The term “workflow” or “provisioning workflow” denotes a defined set of provisioning tasks that must be carried out, to configure network resources for a given communication network service or function. A workflow in electronic form comprises a record, which generically means a file, message or other data structure that lists or enumerates the provisioning tasks included in the workflow. Where provisioning is automated, i.e., carried out by one or more nodes or other entities within the communication network, a workflow may be understood as the scripting or programmatic enumeration of tasks, to be carried out by, or at least initiated by, the entities responsible for parsing the workflow.
Commonly, there is some interdependency between certain ones of the tasks comprising a given workflow. For example, one task may depend on the results of another task, meaning that the other task must be performed first.

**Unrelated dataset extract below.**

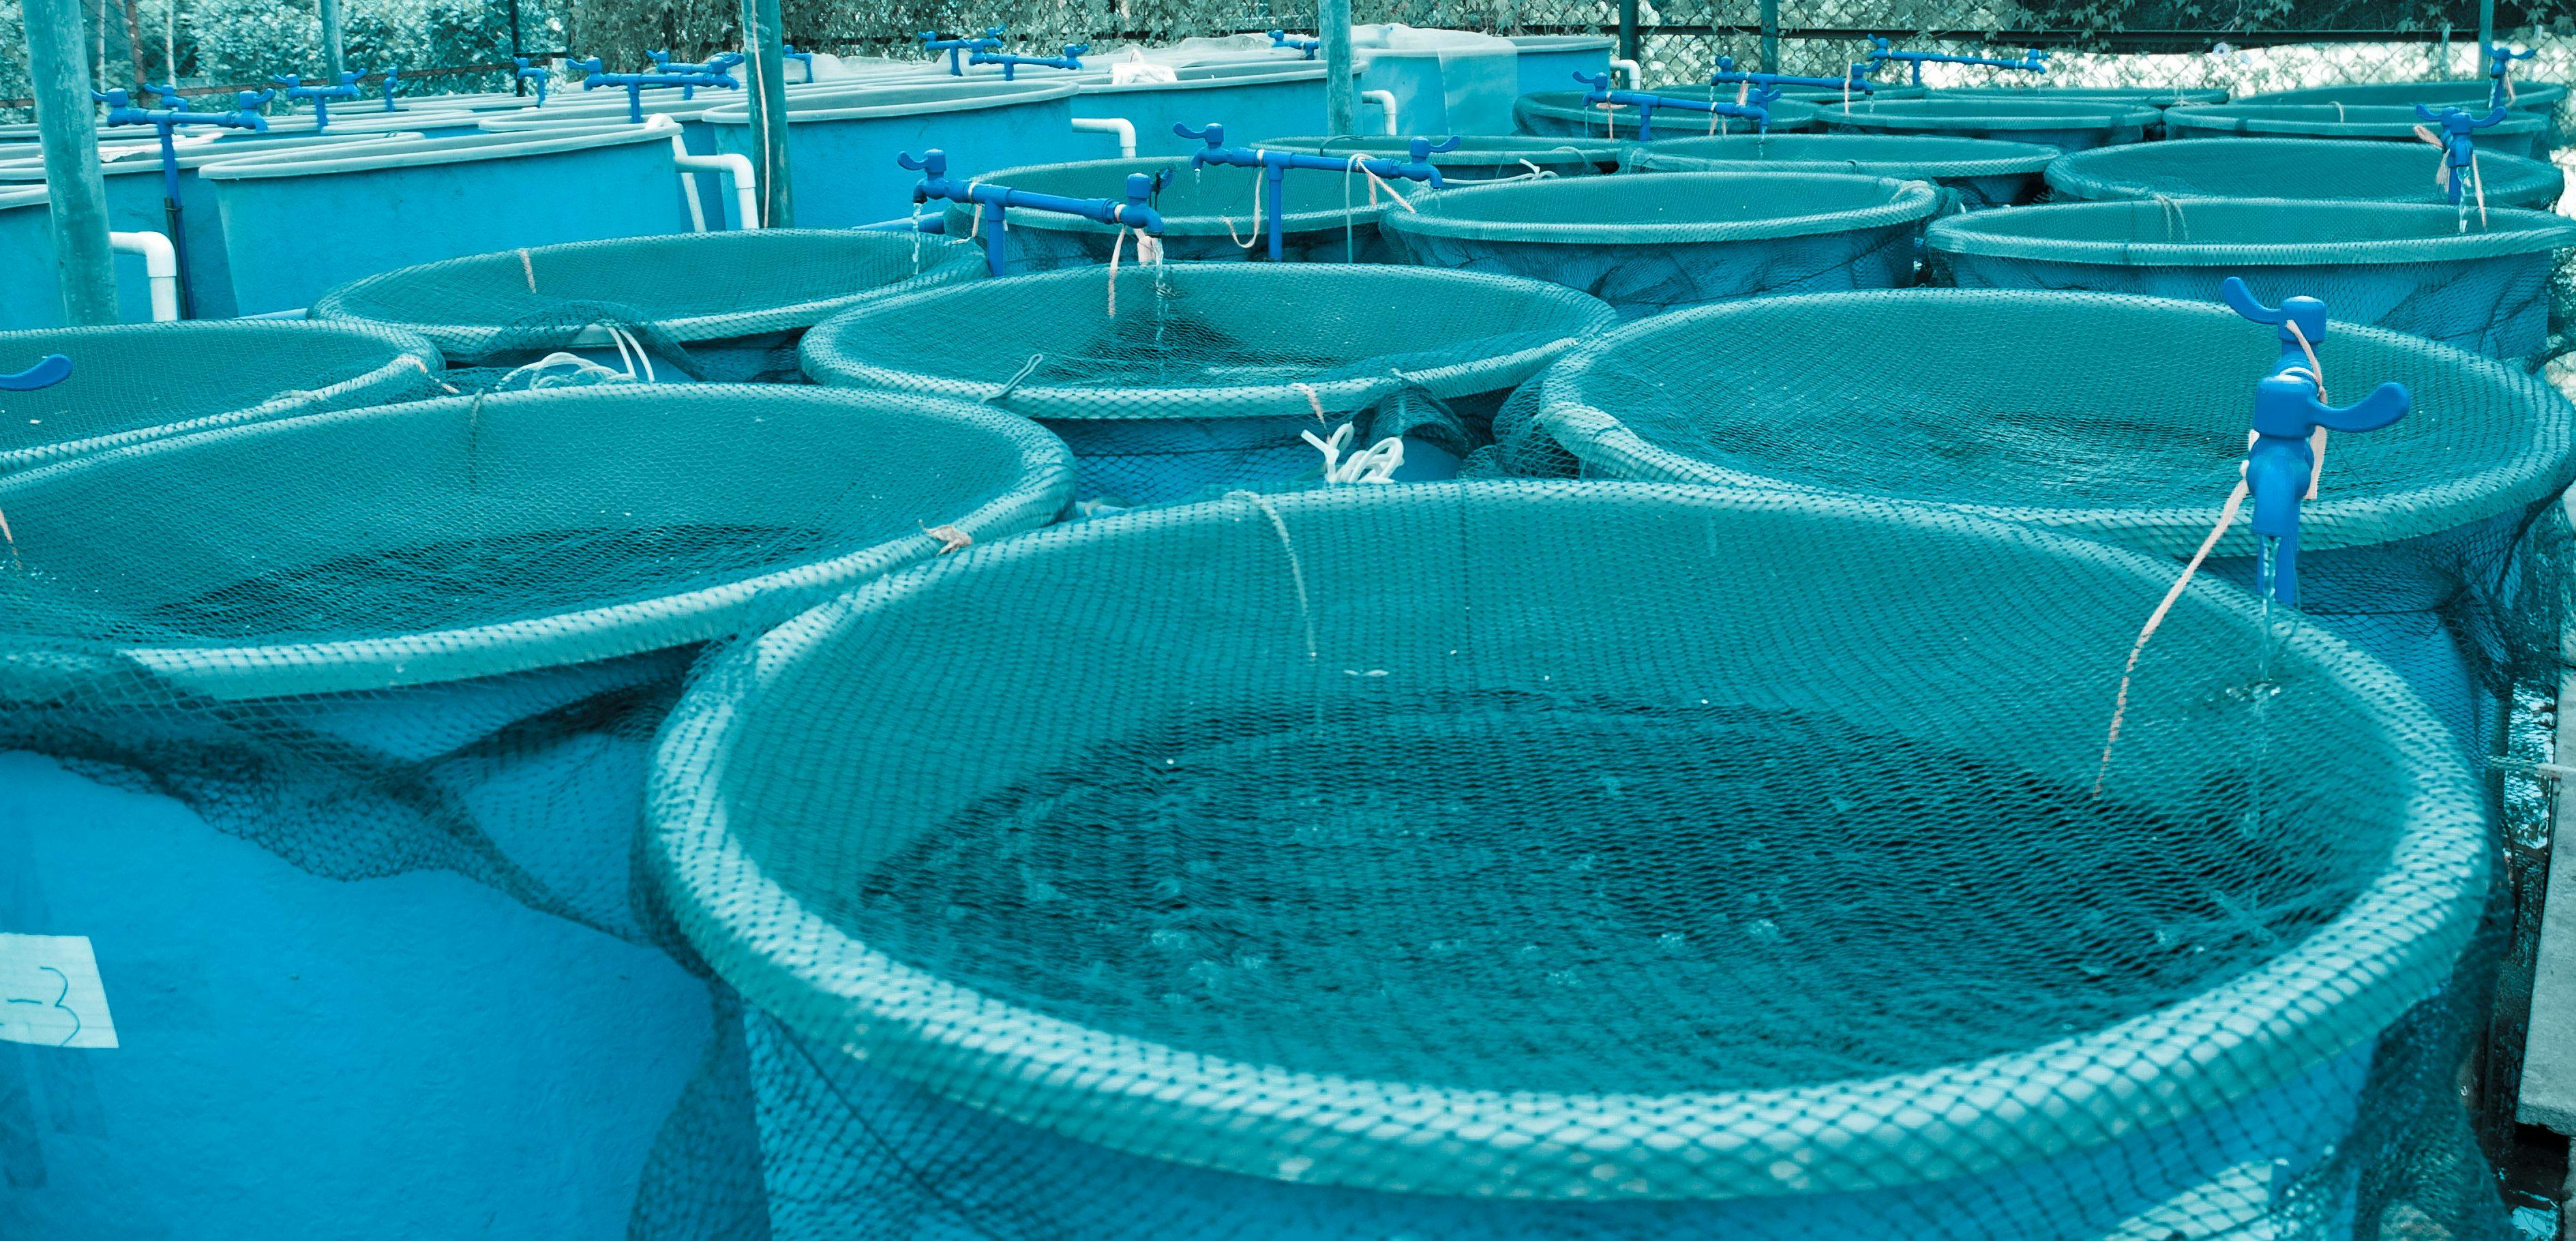 Agriculture aquaculture farm | Image Credit: © defun - stock.adobe.com

Sometimes there are longer chains of dependencies, where a series of tasks depends on the results of one or more preceding tasks. Indeed, the typical workflow may be represented as a “tree diagram” or other hierarchical graph, where individual provisioning tasks are represented as nodes, which are hierarchically arranged at different levels in the diagram and interconnected according to one or more execution paths that are defined by the applicable task interdependencies.
Generally, however, there is some degree of freedom with respect to task execution. For example, multiple independent tasks within a defined workflow can be performed in arbitrary order, if all other things are equal. The ordering freedom generally increases as the number of tasks within a workflow increases, particularly when the workflow includes multiple independent tasks at one or more hierarchical levels, e.g., multiple independent tasks at a given node level within the workflow tree and/or multiple independent execution paths or branches within the tree.
However, for a number of reasons, including combinational complexity and, at least heretofore, a lack of appropriate metrics or parameters for making optimal task ordering decisions, workflows generally are predefined and executed according to some default, non-optimized task ordering. It is recognized herein that default task ordering can have a high “cost,” where cost can be measured in a number of ways, such as cost in terms of wasted network signaling, and/or wasted computational cycles.
Additionally, it is recognized herein that the process of task ordering is complicated by the possible presence of tasks within a given workflow that cannot be “rolled back.” A task that cannot be rolled back is one that, if it fails and must be repeated, so too must all of its preceding tasks, or at least all preceding tasks lying along its execution path within the task tree must be performed again.